On Saturday, 28 March 2020 at 06:56:14 UTC, Bruce Carneal wrote:
On Saturday, 28 March 2020 at 05:21:14 UTC, Crayo List wrote:
On Monday, 23 March 2020 at 18:52:16 UTC, Bruce Carneal wrote:
[snip]
(on the downside you have to guard against compiler code-gen performance regressions)


auto vectorization is bad because you never know if your code will get vectorized next time you make some change to it and recompile.
Just use : https://ispc.github.io/

Yes, that's a downside, you have to measure your performance sensitive code if you change it *or* change compilers or targets.

Explicit SIMD code, ispc or other, isn't as readable or composable or vanilla portable but it certainly is performance predictable.

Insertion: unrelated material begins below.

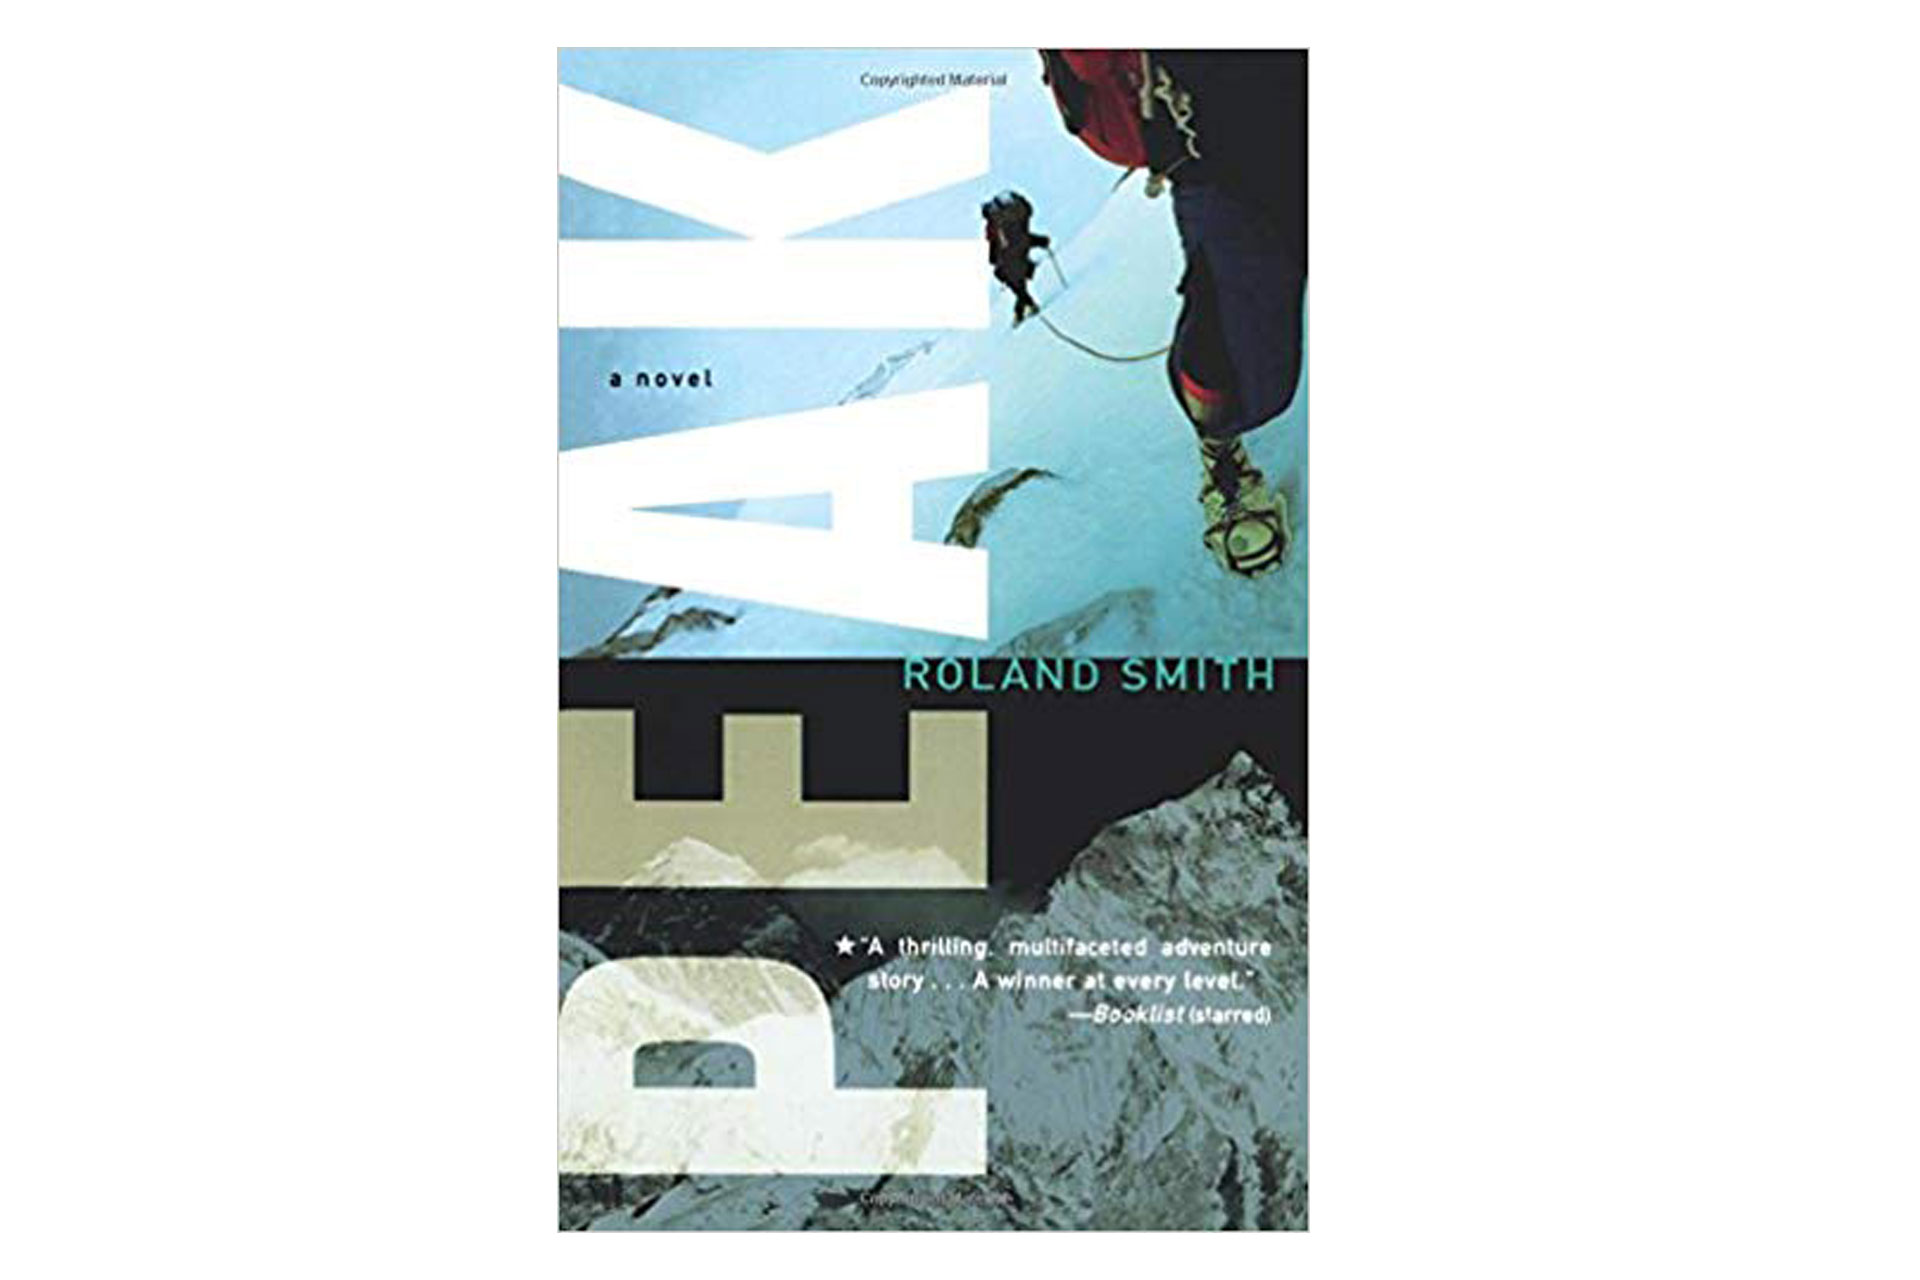 Peak Book; Courtesy of Amazon

This is not true! The idea of ispc is to write portable code that will vectorize predictably based on the target CPU. The object file/binary is not portable,
if that is what you meant.
Also, I find it readable.

I find SIMT code readability better than SIMD but a little worse than auto-vectorizable kernels. Hugely better performance though for less effort than SIMD if your platform supports it.

Again I don't think this is true. Unless I am misunderstanding you, SIMT and SIMD are not mutually exclusive and if you need performance then you must use both. Also based on the workload and processor SIMD may be much more effective than SIMT.